По долгой кривой улице нашей жизни мы счастливо неслись или несчастливо брели мимо каких-то заборов, заборов, заборов — гнилых деревянных, глинобитных дувалов, кирпичных, бетонных, чугунных оград. Мы не задумывались — что за ними? Ни глазом, ни разумением мы не пытались за них заглянуть — а там-то и начинается страна ГУЛАГ, совсем рядом, в двух метрах от нас. И ещё мы не замечали в этих заборах несметного числа плотно подогнанных, хорошо замаскированных дверок, калиток. Все, все эти калитки были приготовлены для нас! — и вот распахнулась быстро роковая одна, и четыре белых мужских руки, не привыкших к труду, но схватчивых, уцепляют нас за ногу, за руку, за воротник, за шапку, за ухо — вволакивают как куль, а калитку за нами, калитку в нашу прошлую жизнь, захлопывают навсегда.
Всё. Вы — арестованы!
И нич-ч-чего вы не находитесь на это ответить, кроме ягнячьего блеяния:
— Я-а?? За что??…
Вот что такое арест: это ослепляющая вспышка и удар, от которых настоящее разом сдвигается в прошедшее, а невозможное становится полноправным настоящим.

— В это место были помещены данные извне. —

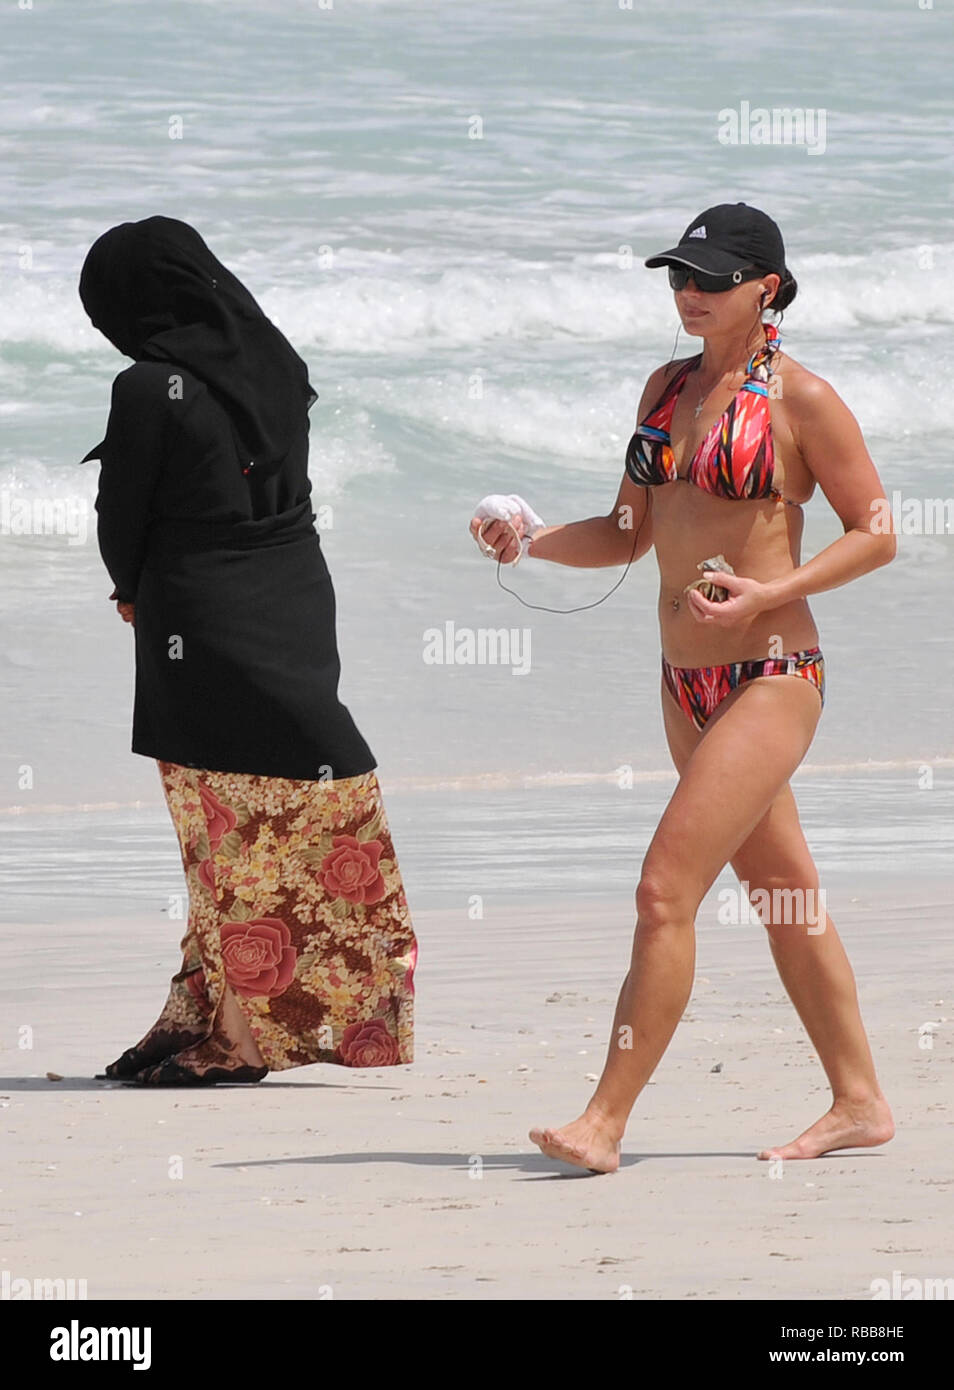 a Andrew Parsons Parsons / Medios de Comunicación. 14/05/2009. Dubai, Emiratos Árabes Unidos. mujer en bikini camina pasado un damas una abaya en una playa de Dubai como el

И всё. И ничего больше вы не способны усвоить ни в первый час, ни в первые даже сутки.
Ещё померцает вам в вашем отчаянии цирковая игрушечная луна: "Это ошибка! Разберутся!"
Всё же остальное, что сложилось теперь в традиционное и даже литературное представление об аресте, накопится и состроится уже не в вашей смятенной памяти, а в памяти вашей семьи и соседей по квартире.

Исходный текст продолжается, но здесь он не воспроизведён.